• **Exercise goal**
After locating the line with "ASUS® SDRW08U7MUBLKGA Ultra-Slim" below, output it and each following line exactly, stopping after the line with "Misprint coin /". No pictures.

• **Records supplied**
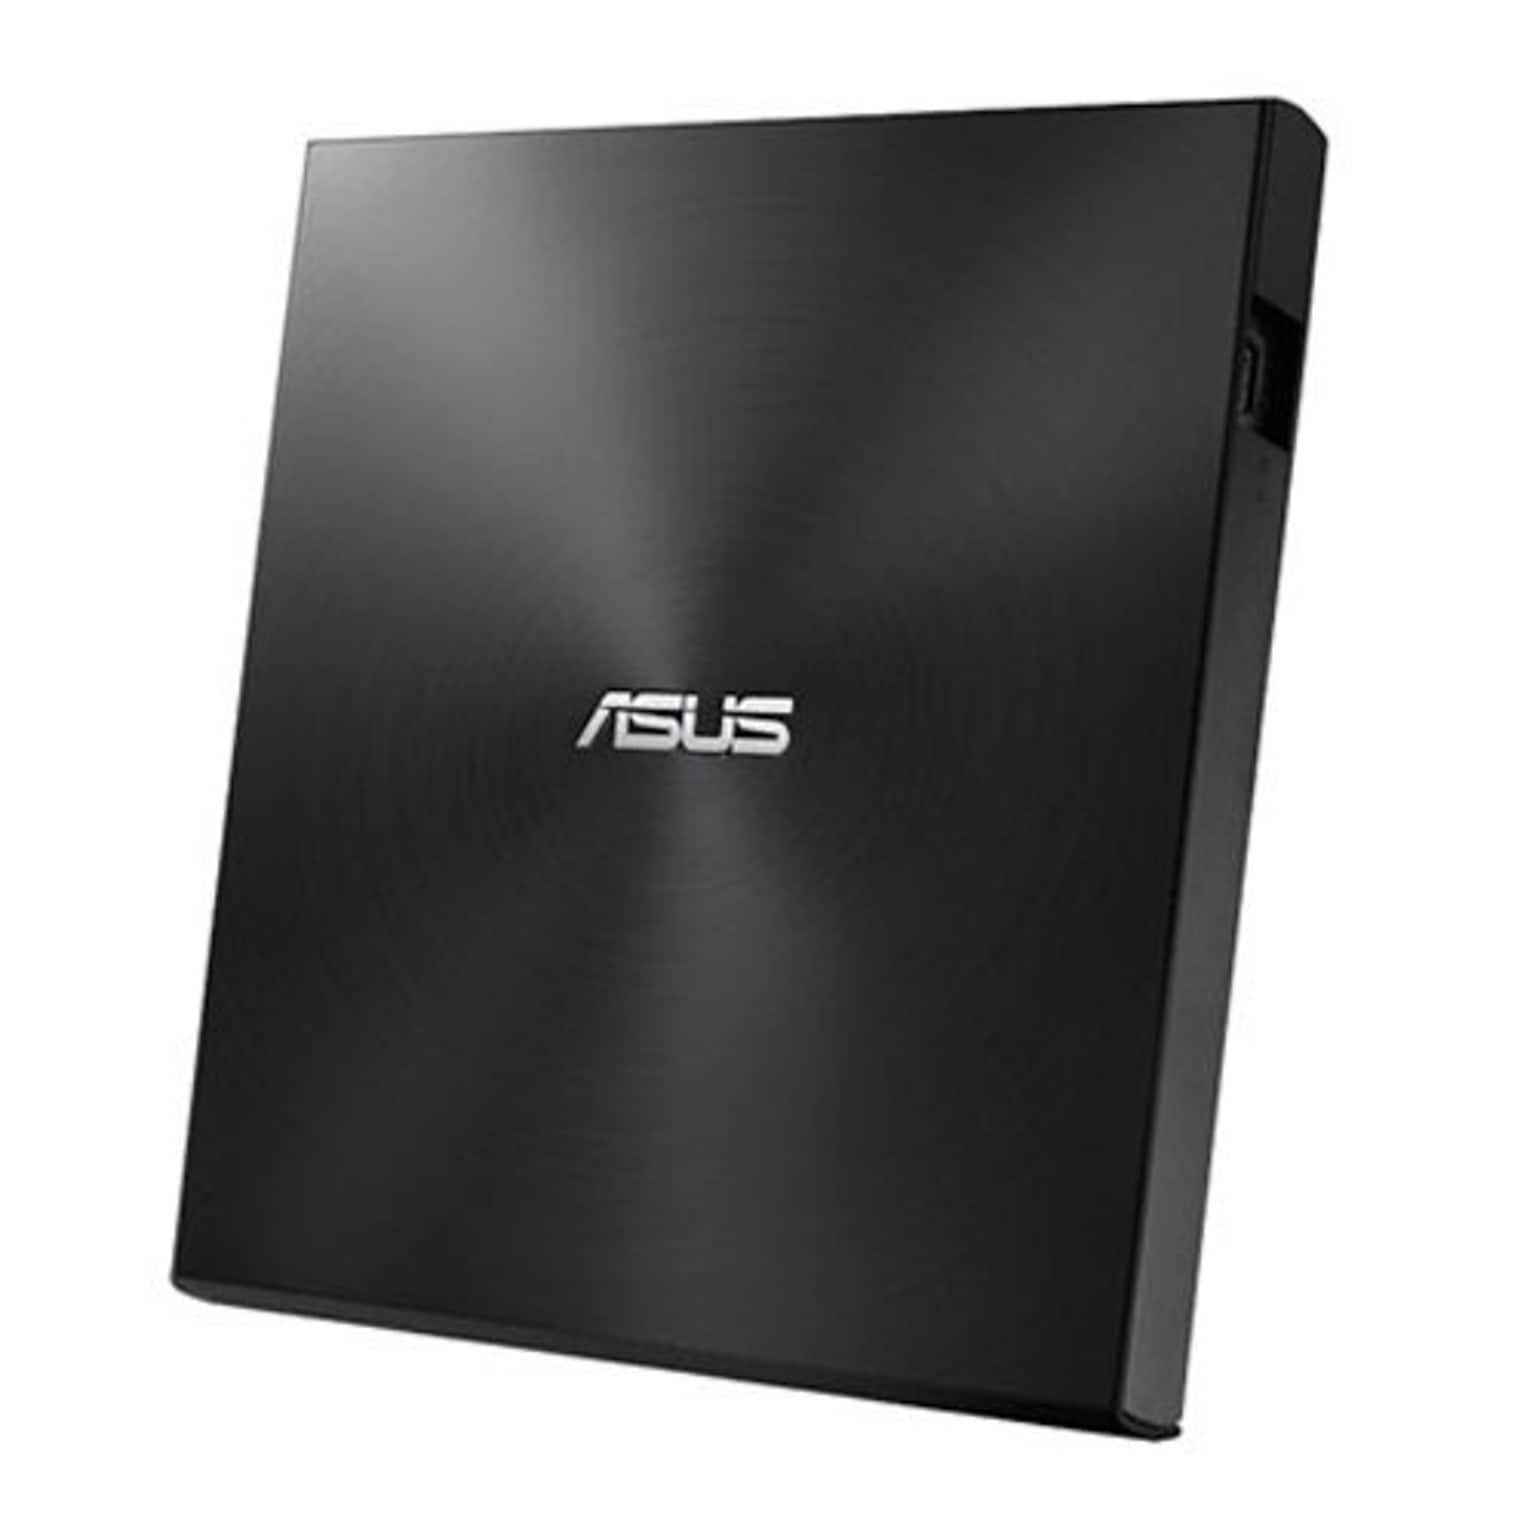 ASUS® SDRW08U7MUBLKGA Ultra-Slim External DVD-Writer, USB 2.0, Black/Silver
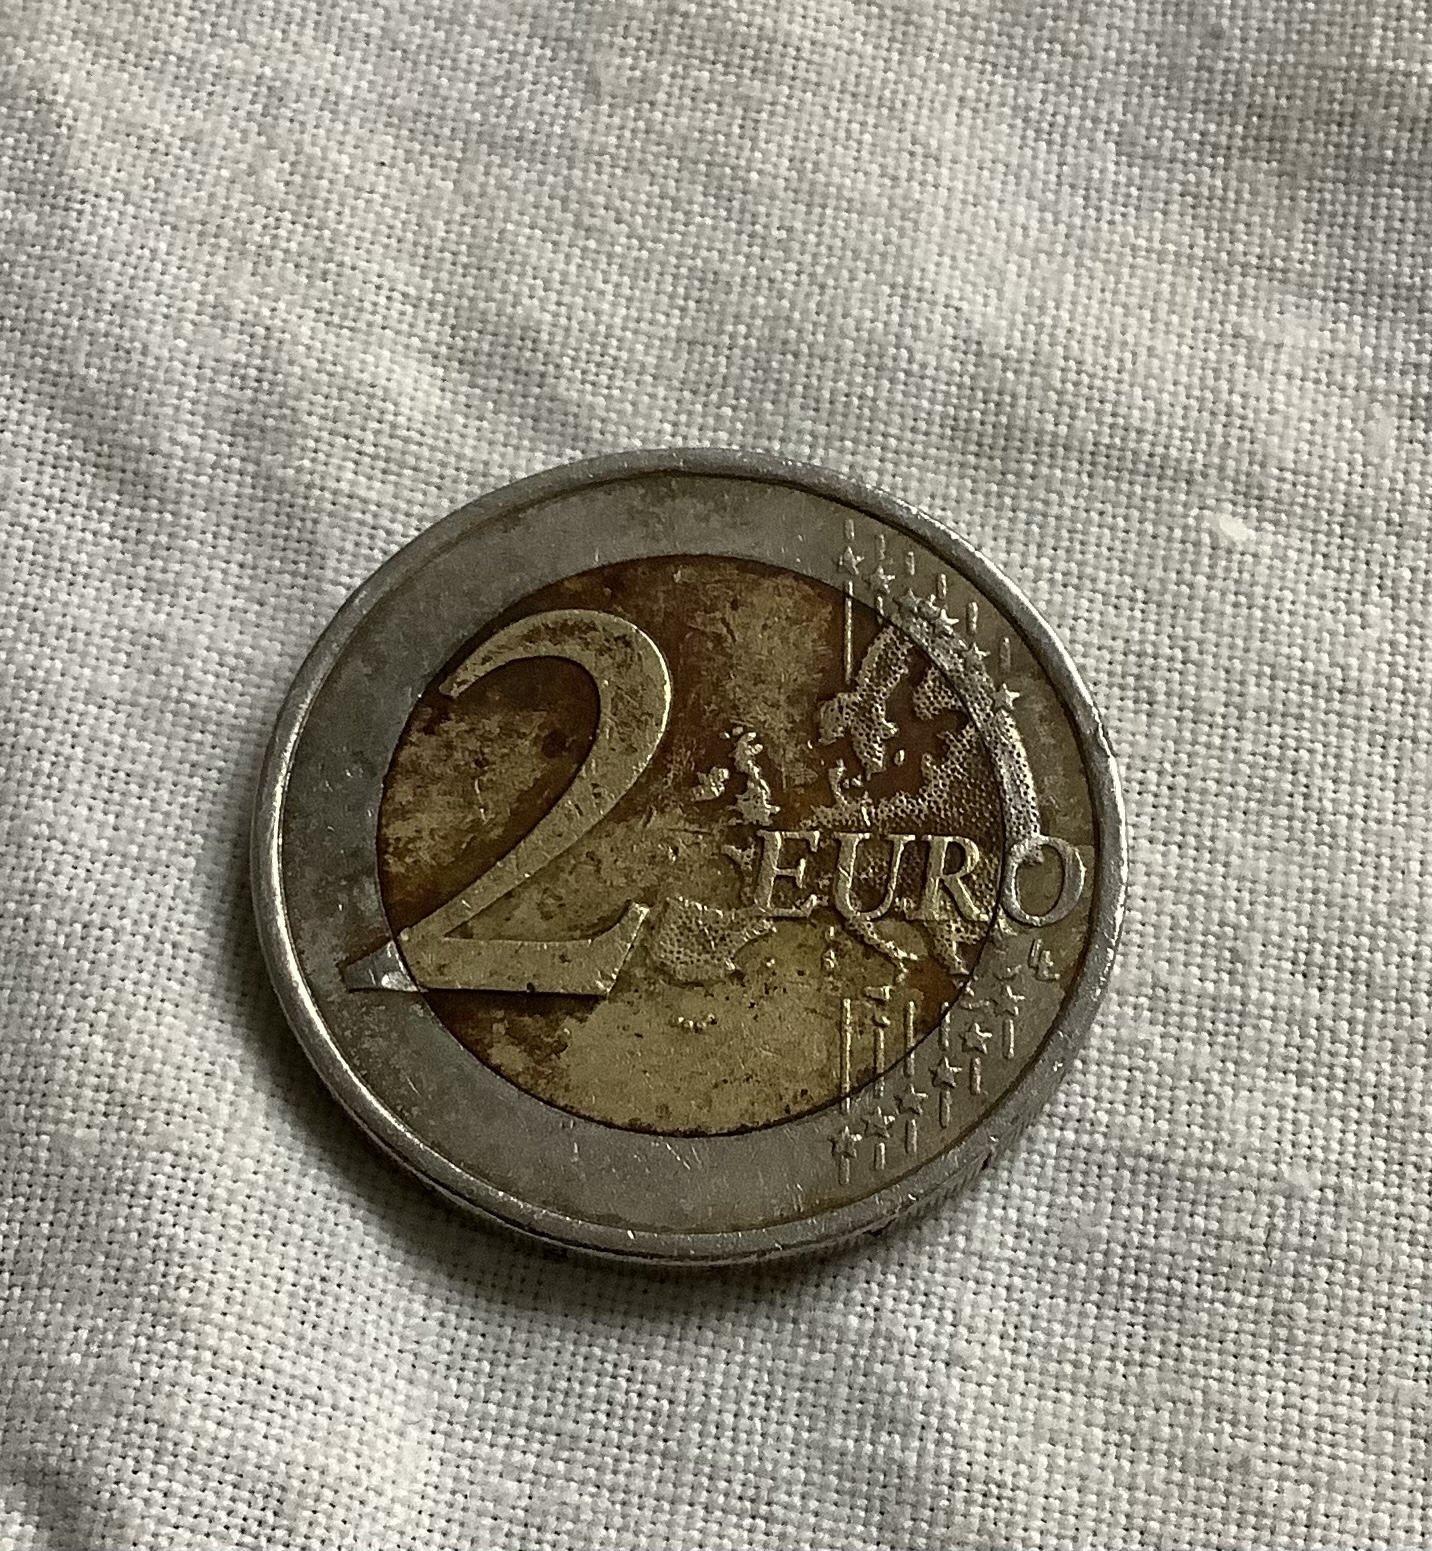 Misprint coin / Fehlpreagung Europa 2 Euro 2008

==

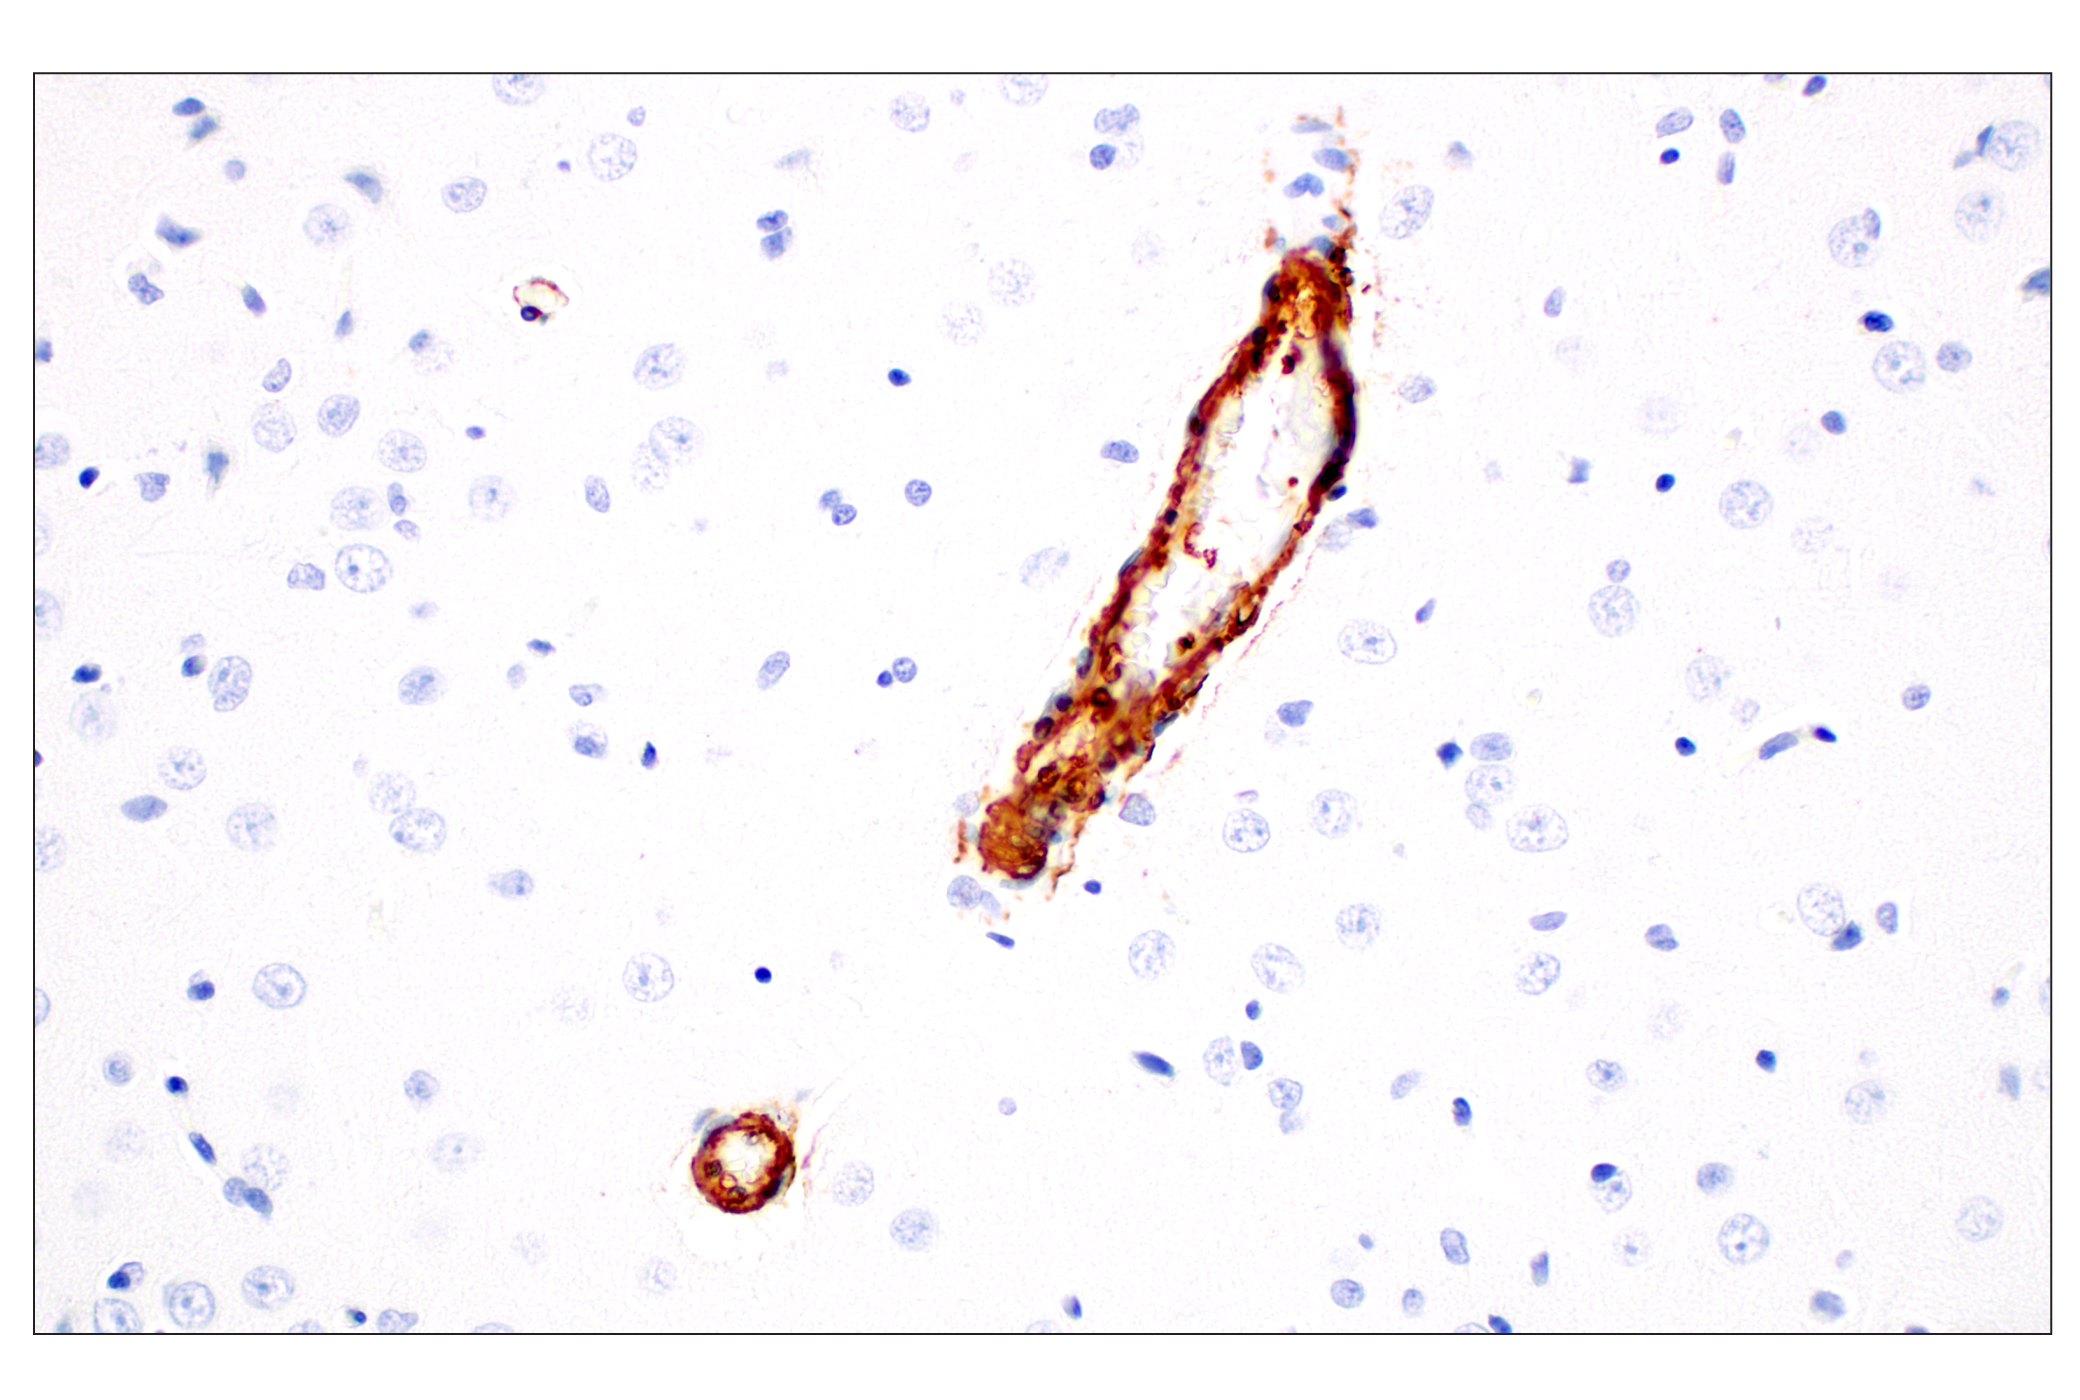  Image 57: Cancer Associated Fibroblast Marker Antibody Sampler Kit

...

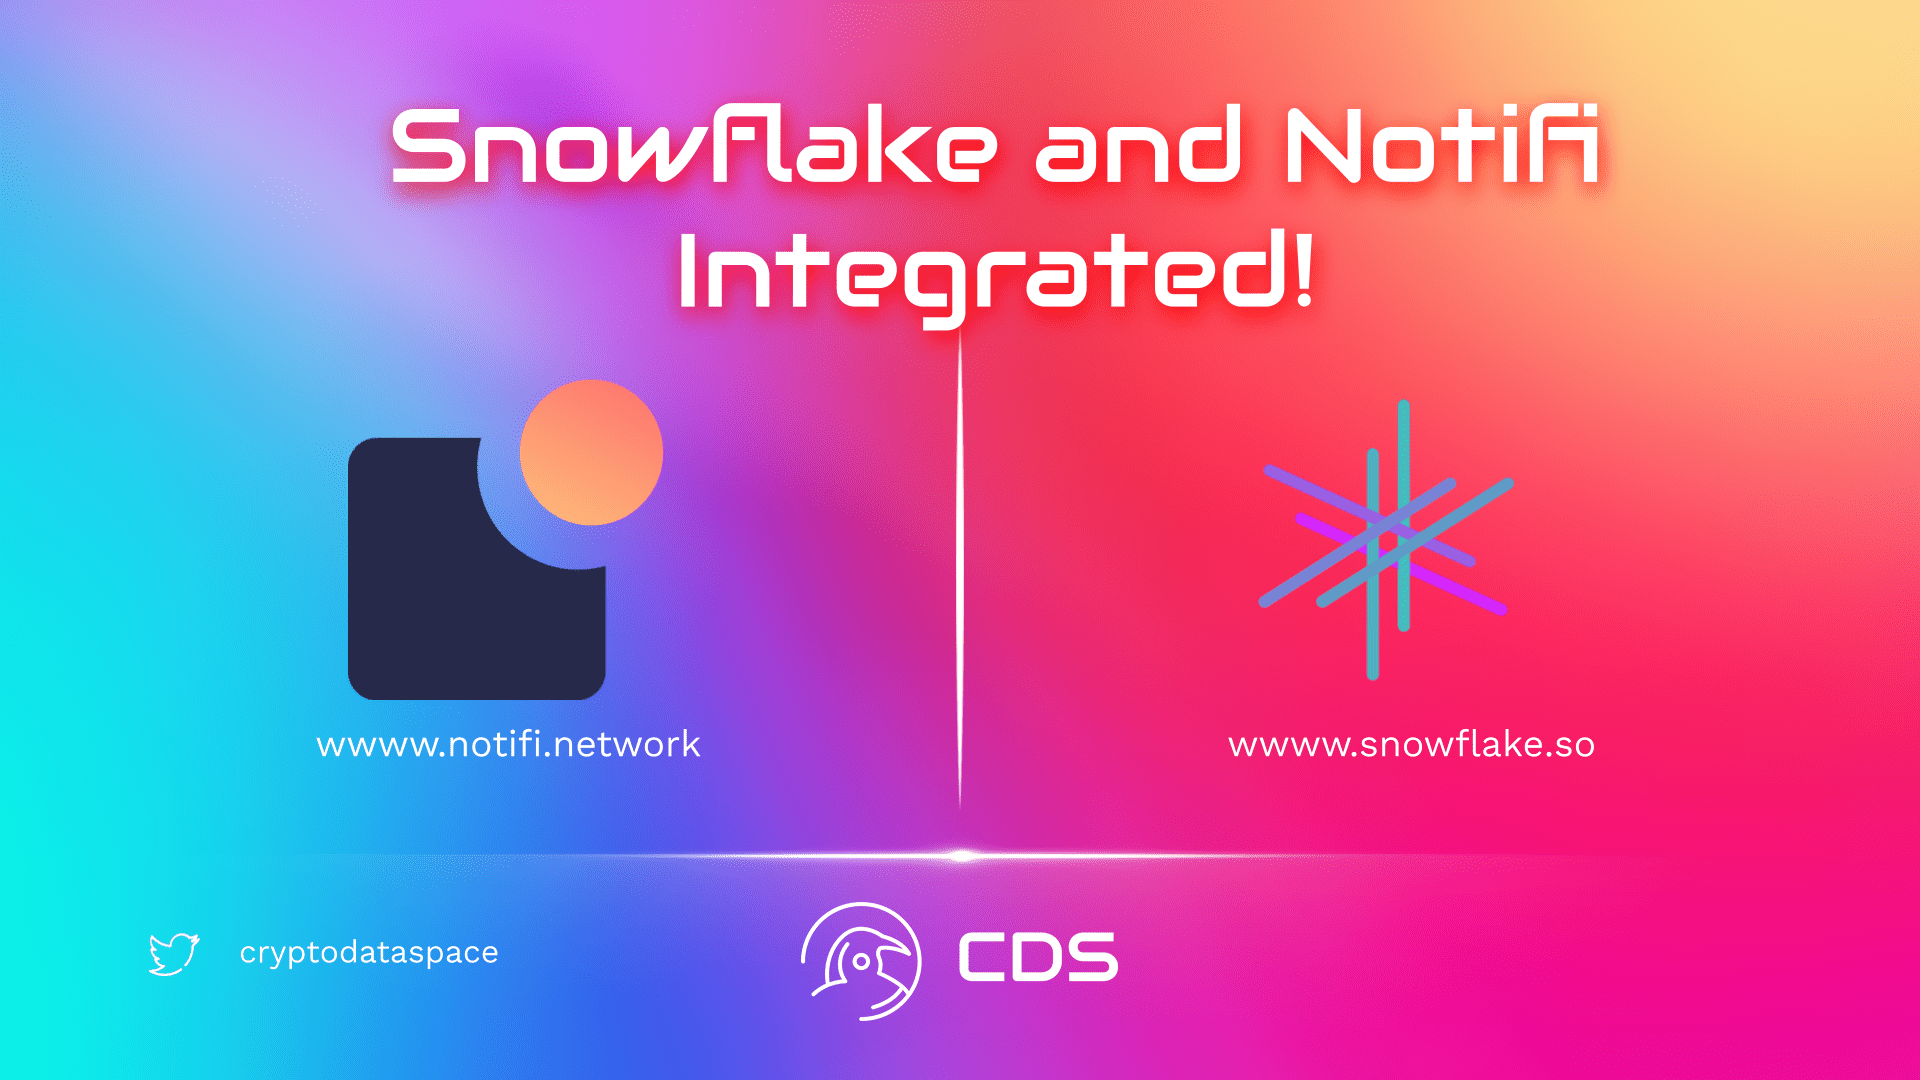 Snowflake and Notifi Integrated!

• **Response box**
 ASUS® SDRW08U7MUBLKGA Ultra-Slim External DVD-Writer, USB 2.0, Black/Silver
 Misprint coin / Fehlpreagung Europa 2 Euro 2008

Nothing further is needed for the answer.